Channels – Susan Hiller, Matt’s Gallery, Londra. Fino al 14 Aprile.
Per la quarta volta, dopo quasi 30 anni dalla prima collaborazione con la Matt’s Gallery di Londra, Susan Hiller torna con Channels una video istallazione che tratta delle esperienze ai confini della morte, note anche come NDE (dall’inglese Near Death Experience)1.
Continuando una ricerca sul linguaggio, che dalla tesi in antropologia (1966) ha accompagnato la sua intensa carriera d’artista, Susan Hiller presenta una serie di traccie audio tratte dai racconti di soggetti che credono di aver sperimentato la morte per poi essere tornati in vita. Questi materiali uniscono lingue e culture diverse a formare un vasto archivio di metafore, miti, percezioni, delusioni o possibili verità sull’esperienza della morte all’interno della società contemporanea.

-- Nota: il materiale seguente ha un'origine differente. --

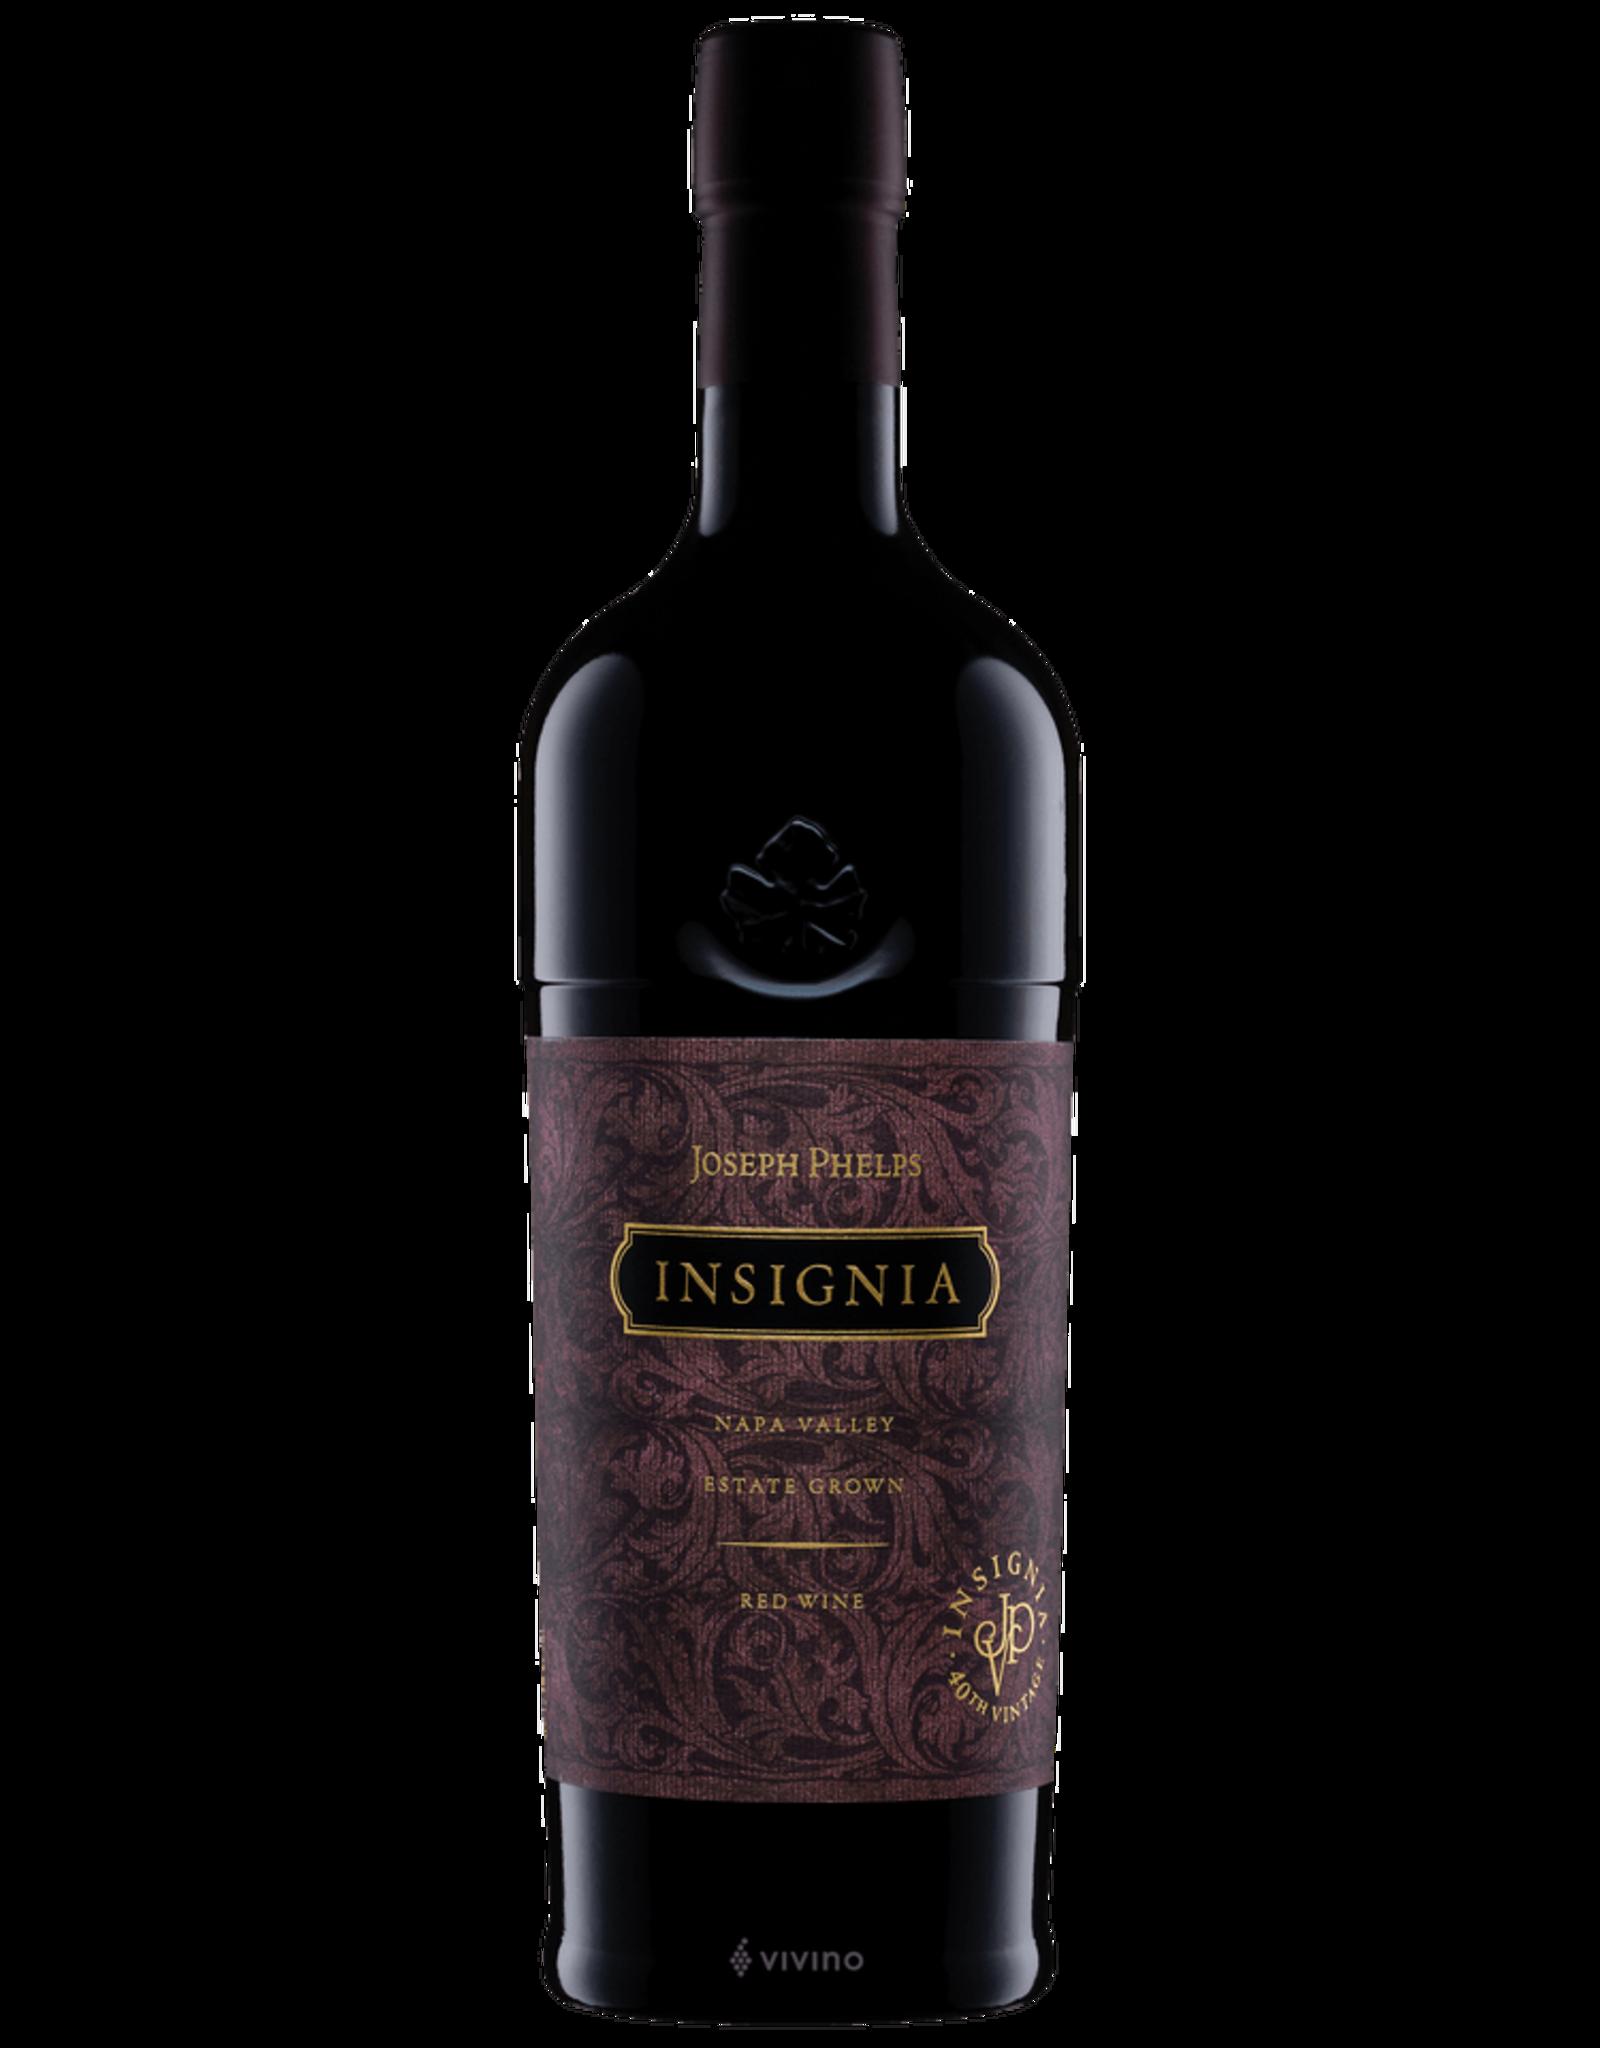 Joseph Phelps 'Insignia' Napa Valley Red Wine 2016
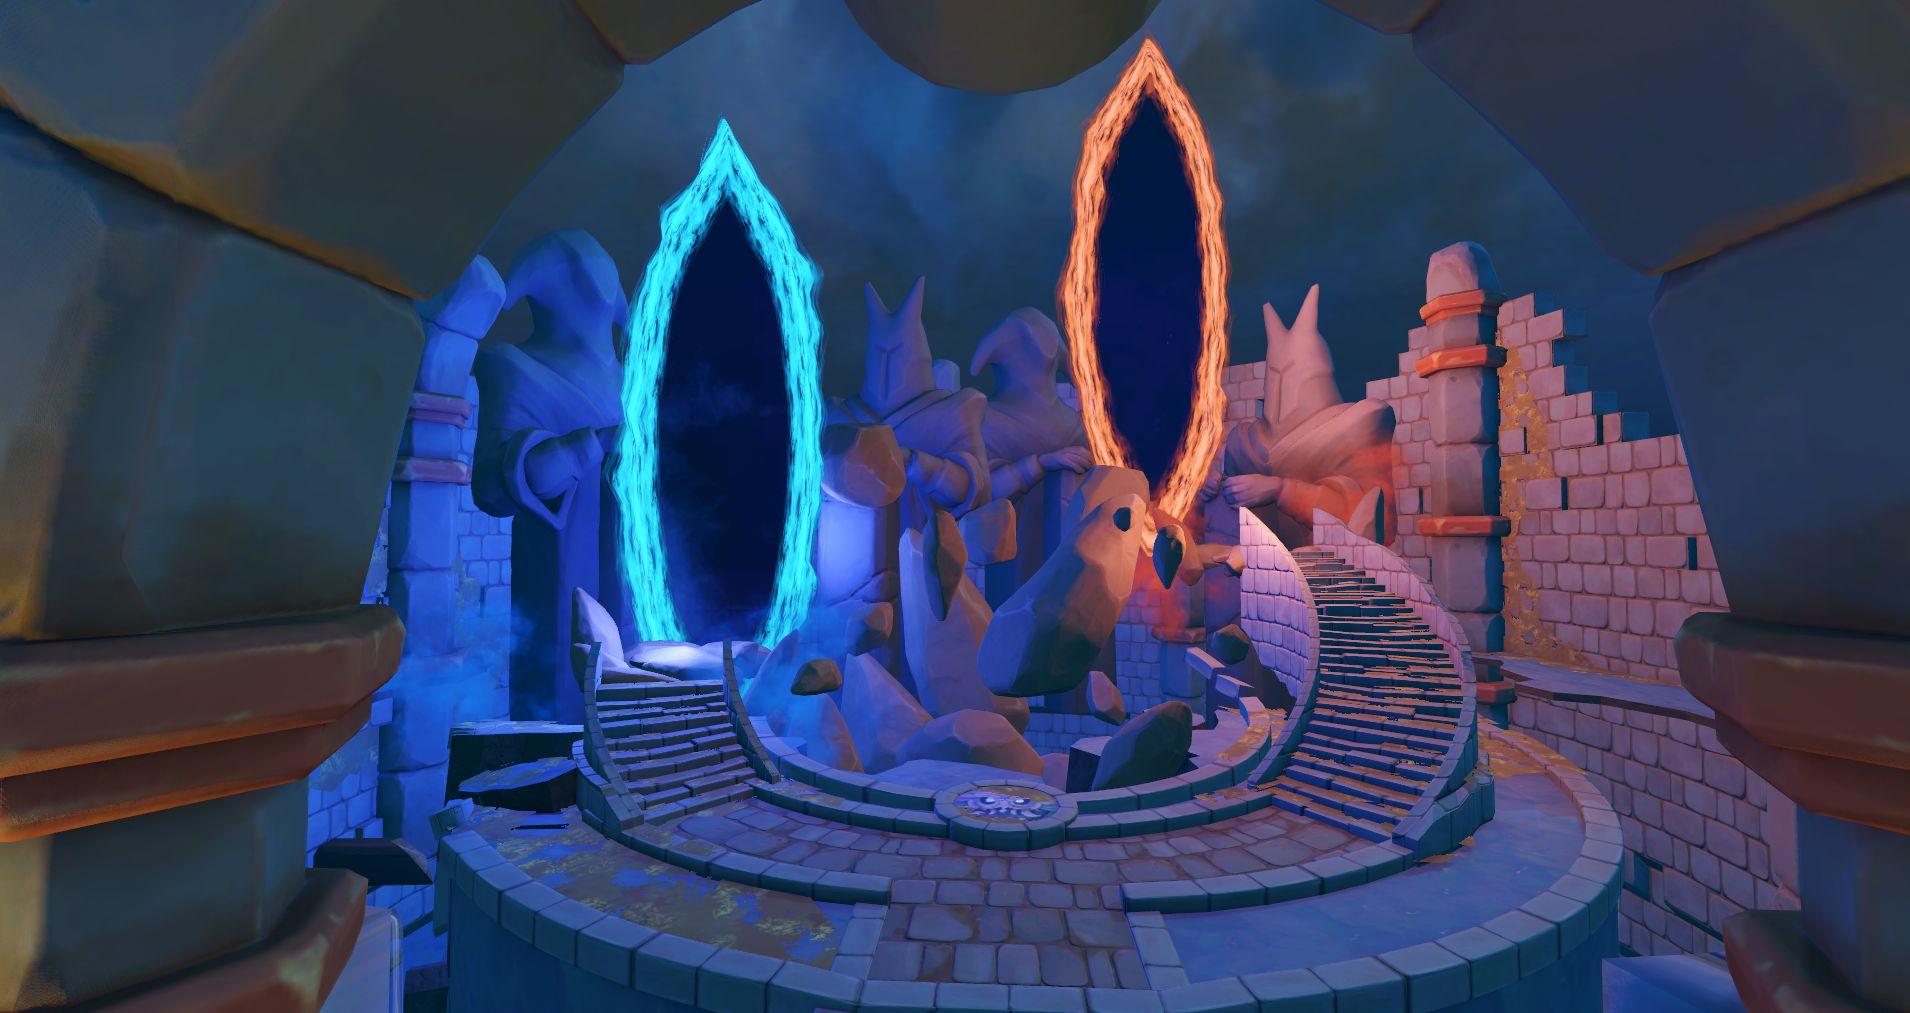 runescape_shattered_worlds_sworlds_portal_entrance

Channels, formato da un ammasso di monitor televisivi impilati uno sopra all’altro, occupa la parete principale della galleria. La luce blu degli schermi accesi, annulla ogni possibile immagine e diventa chiarore asettico che si appiccica ai volti e ai vestiti della gente, come a marcare un zona extra-sensoriale. E ancora, a sottolineare l’importanza del racconto sull’immagine, è l’uso alternato della traccia audio (verde fosforescente su campo nero) che rompe la trama ortogonale dei monitor suggerendo una nuova tridimensionalità. Ancora una volta Susan Hiller ci mette davanti ad una situazione paradossale, al limite tra evocazione e scomparsa, dove il linguaggio (la parola) non è solamente lo strumento utile alla realizzazione dell’opera ma vero e proprio campo di ricezione dell’esperienza.
The Last Silent Movie (2007) anticipa di qualche anno questo concetto. L’opera cattura le voci di 24 lingue estinte o in via d’estinzione tra cui: K’ora, Ubykh, Comanche, Welsh Romany, Jerrais, ect. Utilizzando immagini “svuotate” a schermo nero con sottotitoli in inglese, l’artista riporta in vita questi mondi rimasti a lungo sepolti, invitandoci a riflettere sui processi “silenziosi” di un linguaggio caduto in disuso. Cosa vuol dire dare nuova vita ad una lingua morta? Qual’è l’utilità di un archivio di voci ormai indecifrabili? Per tutta la durata del film ciò che noi vediamo è tutto fuorché un Silent Movie. Difatti lo schermo è riempito di voci di persone probabilmente ormai morte che parlano una lingua morta. Il sottotitolo, unico mezzo di comprensione del parlato, funge da cerniera tra passato e presente. Ecco dunque che il silenzio si affianca al mestiere del traduttore, deludendo ogni ulteriore rappresentazione.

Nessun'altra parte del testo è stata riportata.